Abstract Electroreduction of CO 2 to CO represents a highly promising way for artificial carbon cycling, but obtaining high selectivity over a wide potential window remains a challenge due to the sluggish CO generation and diffusion kinetics. Here we report an integration of long‐range P modified bismuth atomic site on an ordered macroporous carbon skeleton with mesoporous “wall” (MW‐BiN 3 ‐POMC) for efficient electroreduction of CO 2 . In‐depth in situ investigations with theoretical computations reveal that the incorporation of long‐range P atom is able to strengthen the orbital interaction between the C 2p of CO 2 and Bi 6p, thereby establishing an electronic transport bridge for the activation of CO 2 molecule.

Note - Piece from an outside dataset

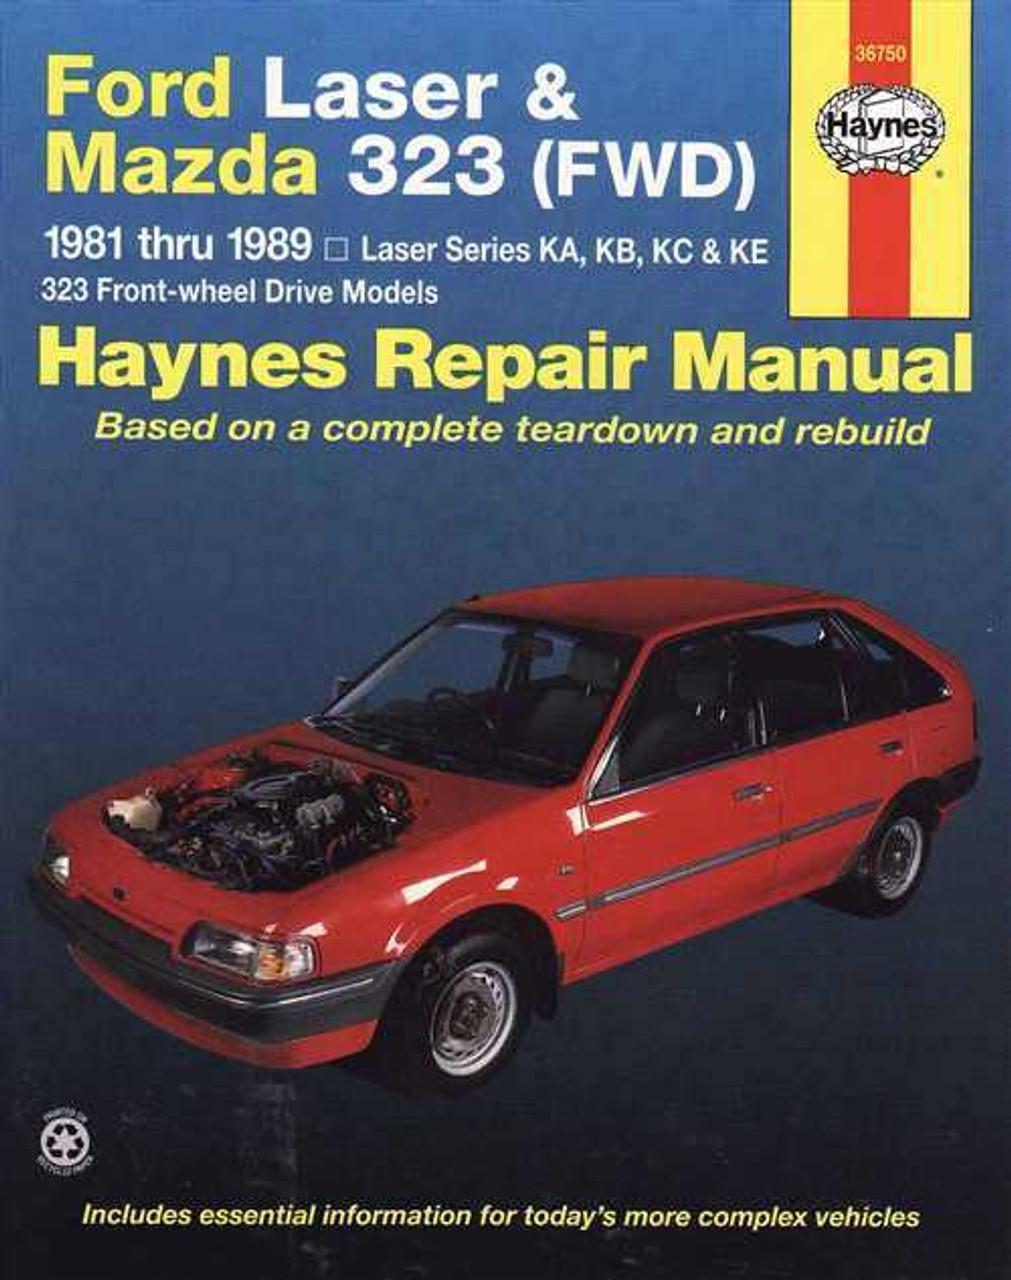 ford laser amp mazda 323 1981 1989 workshop manual rh automotobookshop com au Mazda Familia S-Wagon Mazda Familia S-Wagon
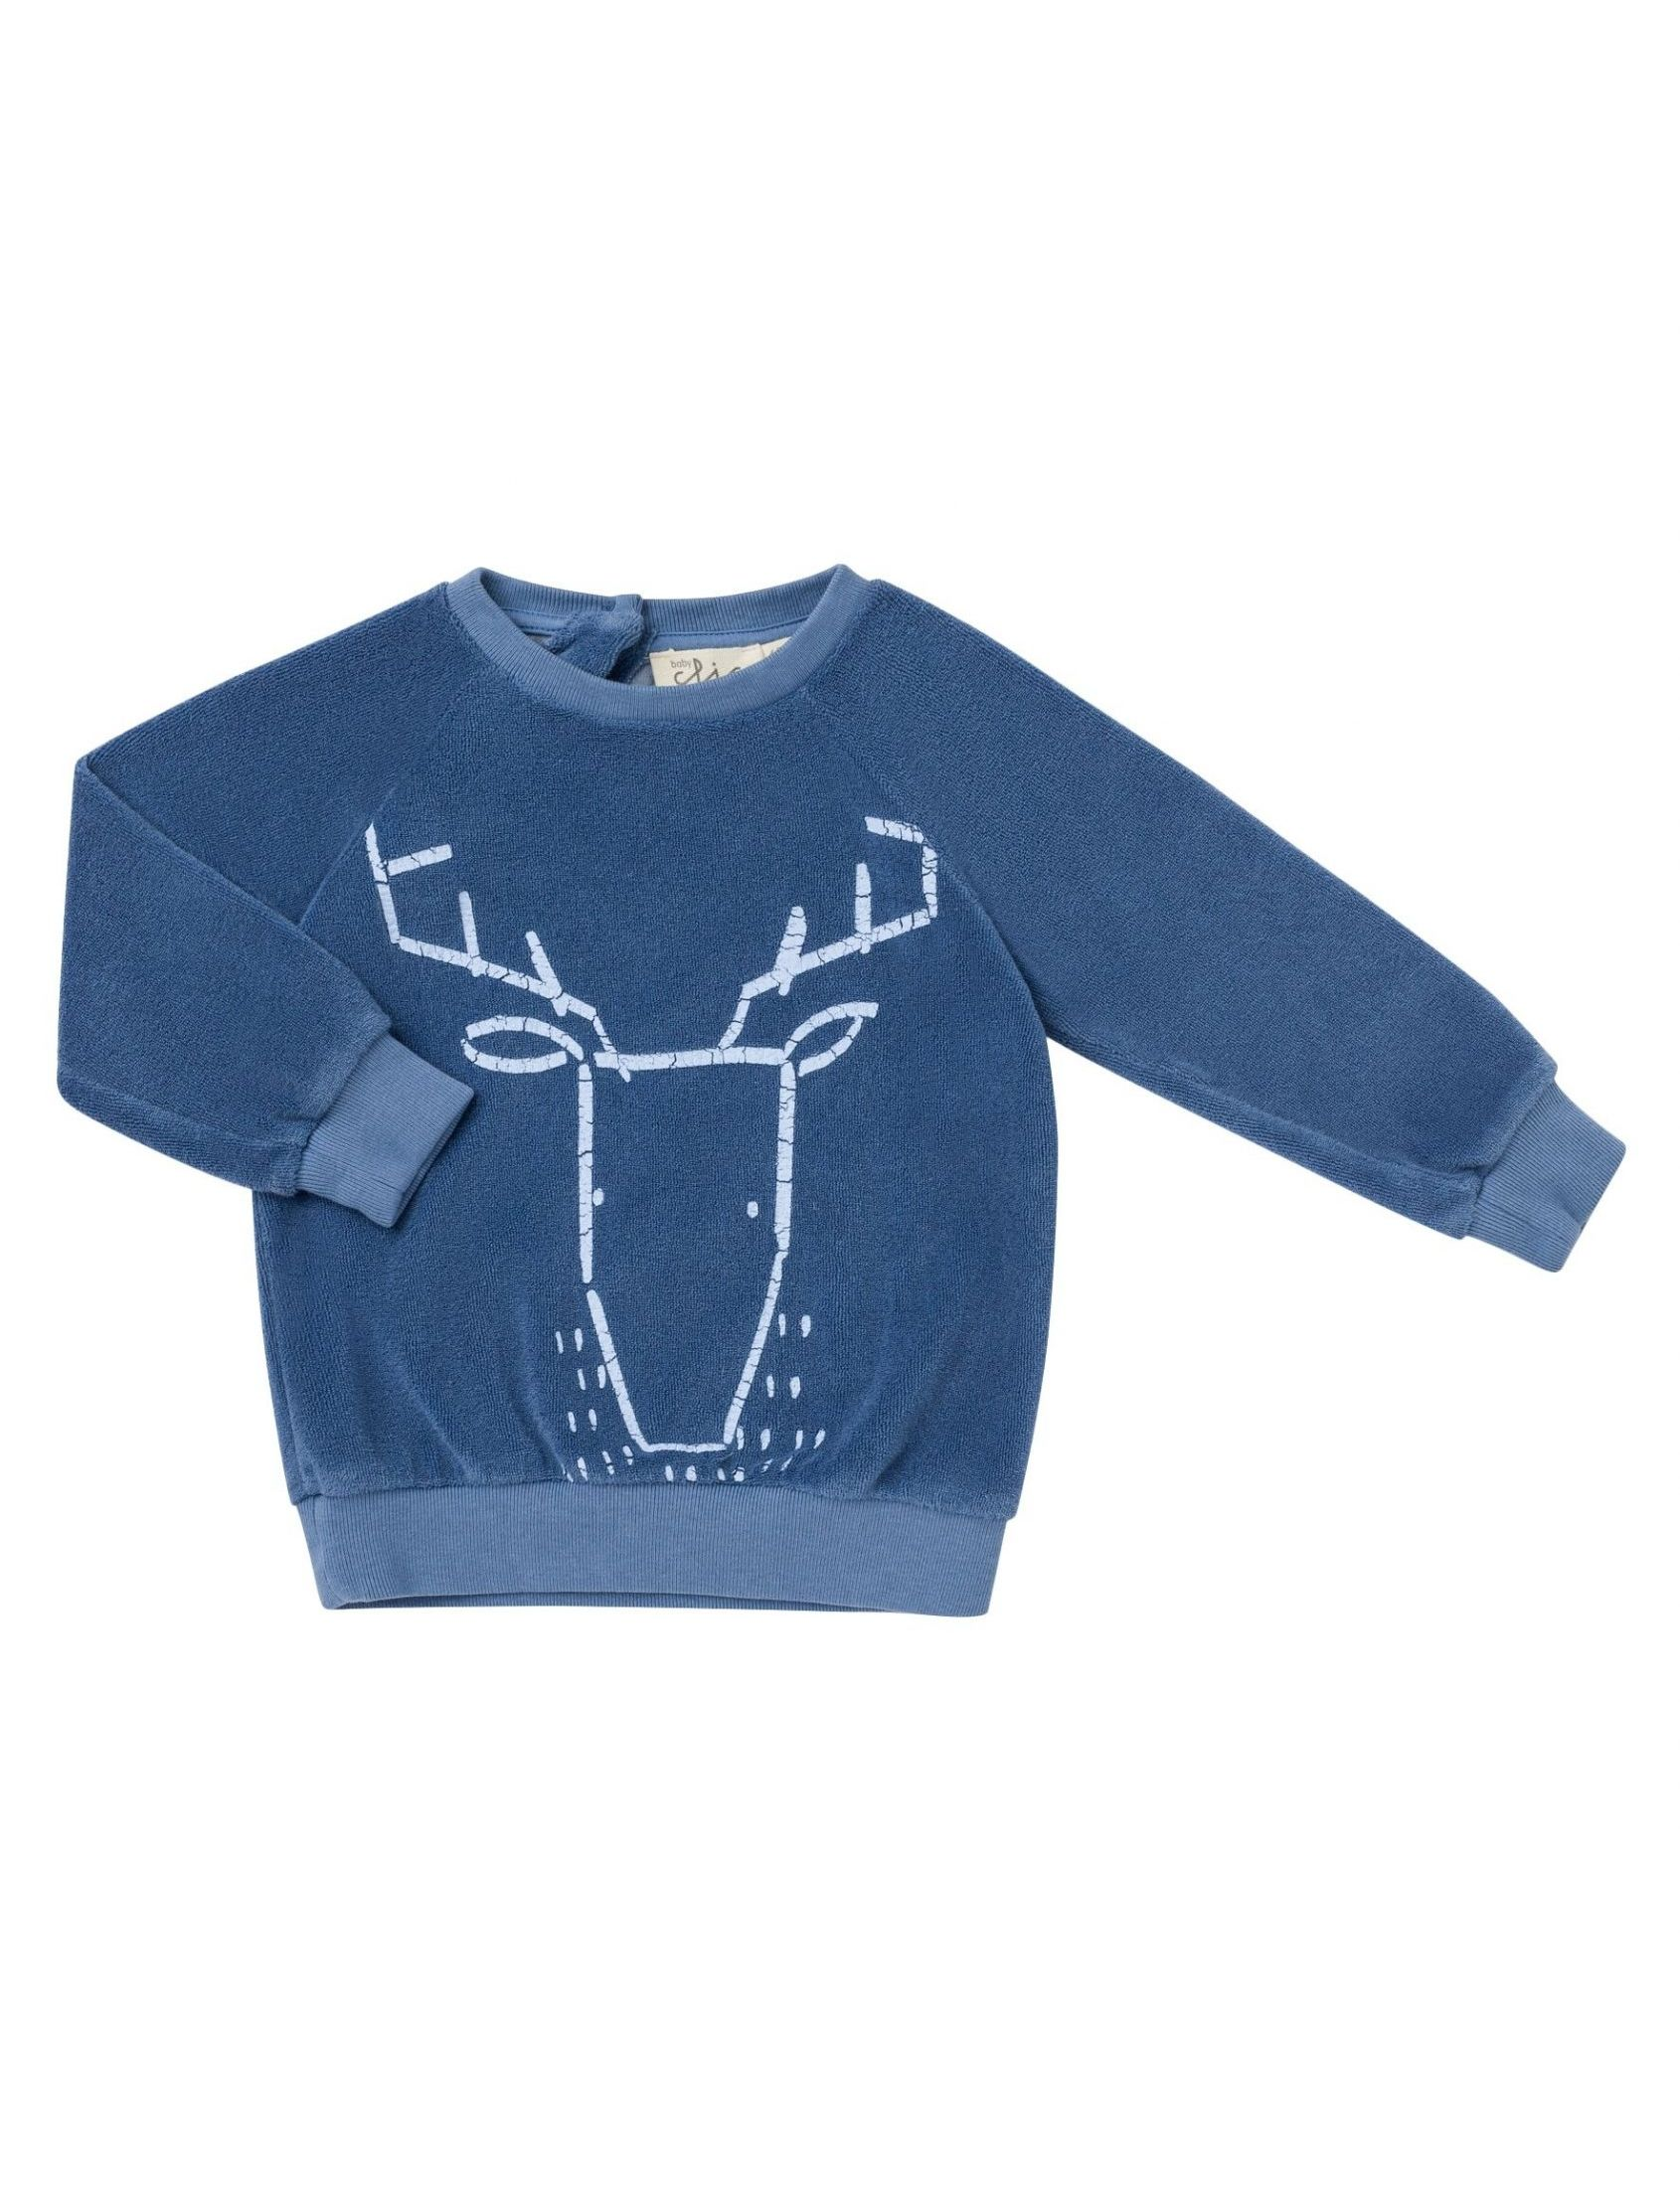 Jersey Rudolf Baby Clic azul_mamalua_01

Additionally, the ordered macropore with mesoporous wall effectively facilitates the diffusion of CO. As a result, MW‐BiN 3 ‐POMC exhibits an ultrawide potential window of 1000 mV for high CO selectivity (>90 %) and a maximal CO partial current density of 414 mA cm −2 . Moreover, MW‐BiN 3 ‐POMC can also be employed as the cathode to integrate the solar‐driven electrolytic cell (anode of Co 3 O 4 ‐OMC) toward CO 2 reduction coupled with 5‐hydroxymethylfurfural oxidation to simultaneously yield CO and 2,5‐furandicarboxylic acid.